Main substantive changes & key provisions
- Replaces the term “ethnic intimidation” with “hate crime” and specifies that an individual is guilty if, maliciously and intentionally, they commit any of the following against a person based in whole or in part on an actual or perceived protected characteristic:
- Use force or violence.
- Cause bodily injury.
- Stalk (per existing section 411h definition).
- Damage, destroy, or deface property without consent.
- Make a “true threat” to engage in the above conduct (true threat defined; includes communications made with reckless disregard; not punishable if speaker was unaware the statement could be regarded as threatening).
- Expanded list of protected characteristics: race/color, religion, sex, sexual orientation, gender identity/expression, physical/mental disability, age, ethnicity, national origin, and association/affiliation based on those traits.
- Penalties (felony, tiered):
- First violation for “true threat” (subsection (1)(e)): up to 2 years imprisonment or fine up to $5,000, or both.
- First violation of force/bodily injury/stalking/property-damage, or a second+ violation of (e): up to 5 years or fine up to $10,000, or both.
- Second+ violation of force/bodily injury/stalking/property-damage, or if offense committed in concert, against a victim under 18 by offender ≥19, or while possessing a firearm/other dangerous weapon: up to 10 years or fine up to $15,000, or both.
- Alternative sentencing (restorative/community education):
- For first (e) offense: court may, with defendant’s consent, impose an alternative sentence (may include community service focused on understanding harm).
- For other tiers: court may reduce penalty up to 20% and impose an alternative sentence with defendant’s consent.
- Courts must consider offender criminal history, victim/community impact, availability of alternatives, and nature of the violation.
- Sentencing enhancements & procedure:
- Prosecutor must allege prior qualifying prior convictions on the complaint/information.

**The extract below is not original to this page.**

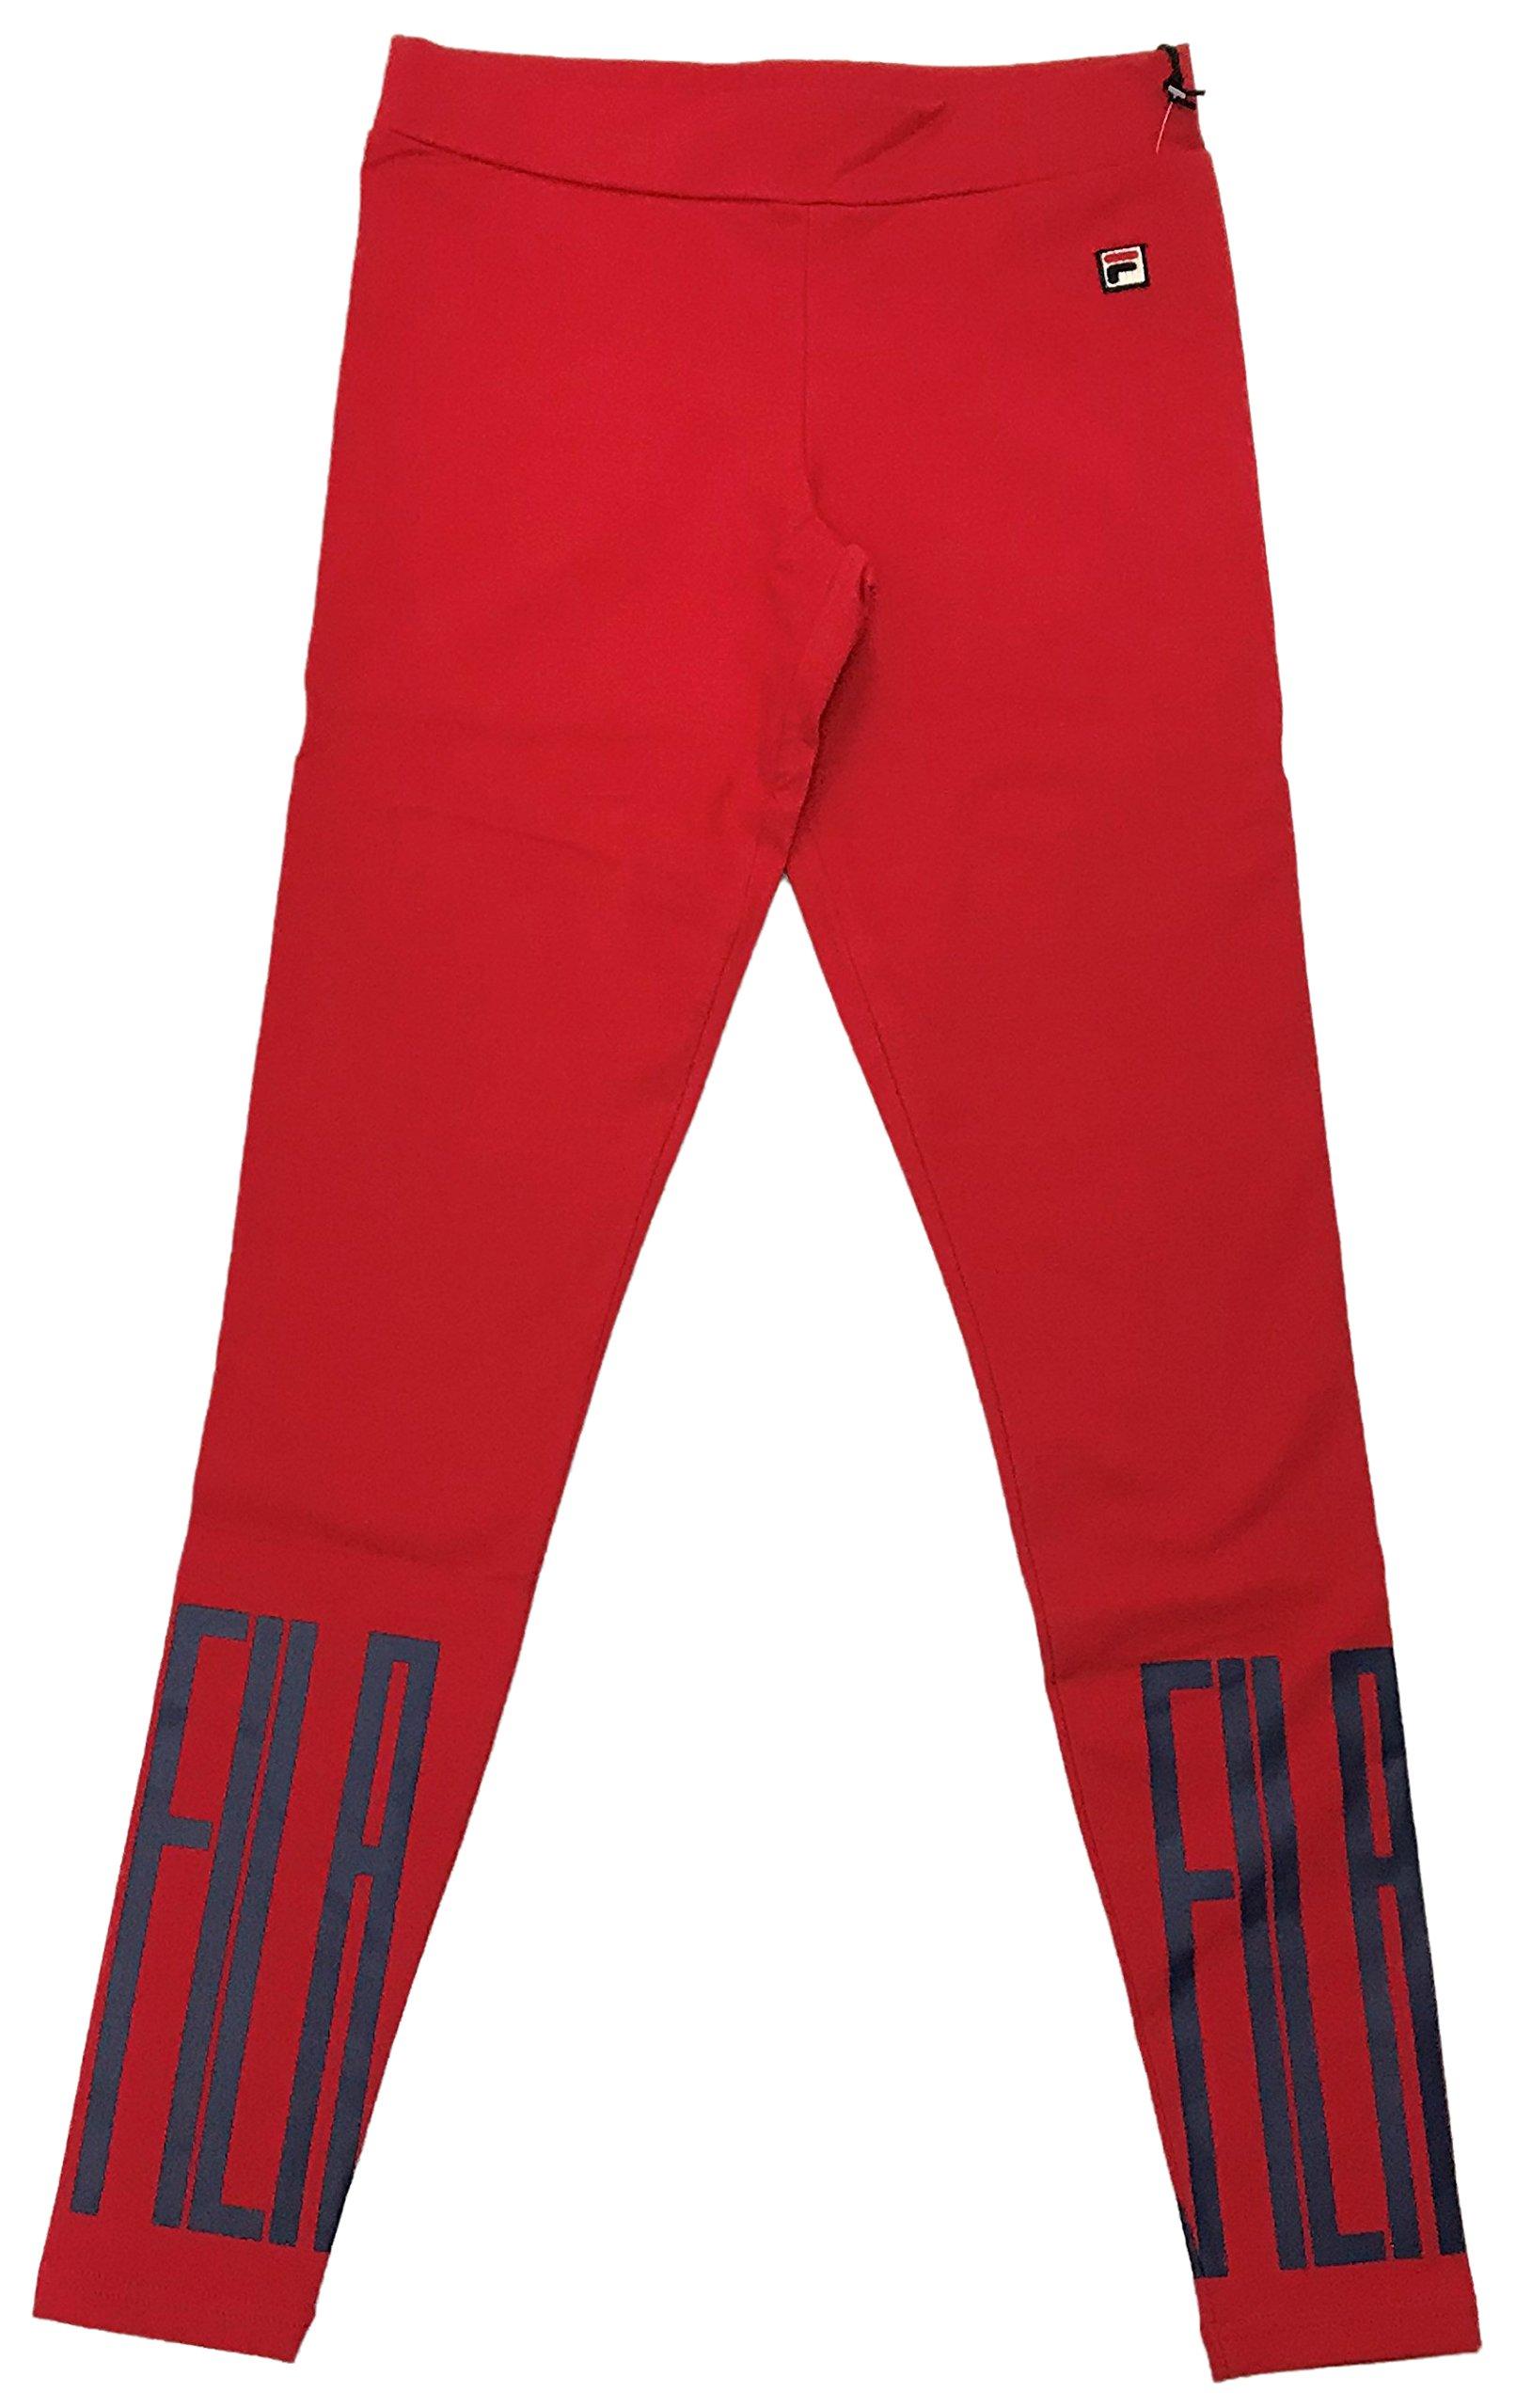 Fila Mariella Leggings (Chinese Red-Peacoat, XL)

Existence of priors is determined by the court (not jury) at sentencing or separate hearing; prior convictions may be proven by various records or the defendant’s statement.
- Civil remedy:
- Victims may bring civil actions regardless of criminal prosecution; prevailing plaintiffs may recover 3x actual damages or $25,000 (whichever is greater), plus reasonable attorney fees and costs (increase from prior minimums).

Who is affected
- Potential criminal defendants: individuals whose violent, threatening, stalking, or property-destructive acts are motivated (in whole or in part) by a protected characteristic.
- Victims: expanded protections and larger civil recovery potential.
- Criminal justice system: law enforcement, prosecutors, courts, probation/parole, corrections, community service providers.
- Fiscal stakeholders: state and local budgets (possible increased felony prosecutions, probation caseloads, and prison intakes).

Fiscal impact (summary from legislative analyses)
- Likely negative fiscal impact on state and local government due to more felony arrests/convictions. Examples cited:
- Average annual state cost for felony probation supervision ≈ $5,100 per probationer (2023 data).
- Average annual cost to house a prisoner in state correctional facility ≈ $45,700; per diem $98–$192 depending on security level.
- HB 5401 (sentencing guideline changes) has an indeterminate state fiscal impact because Michigan’s sentencing guidelines are advisory (People v. Lockridge).

Other notable points
- The statute explicitly states it does not enjoin an individual’s exercise of the constitutional right to free speech.
- Courts may order hate crime sentences to run consecutively to other sentences arising from the same conduct.
- HB 5401 implements parallel changes to sentencing guidelines; impacts on actual sentencing practice remain subject to judicial discretion.

Compiled from official sources — confirm details with the bill’s official record.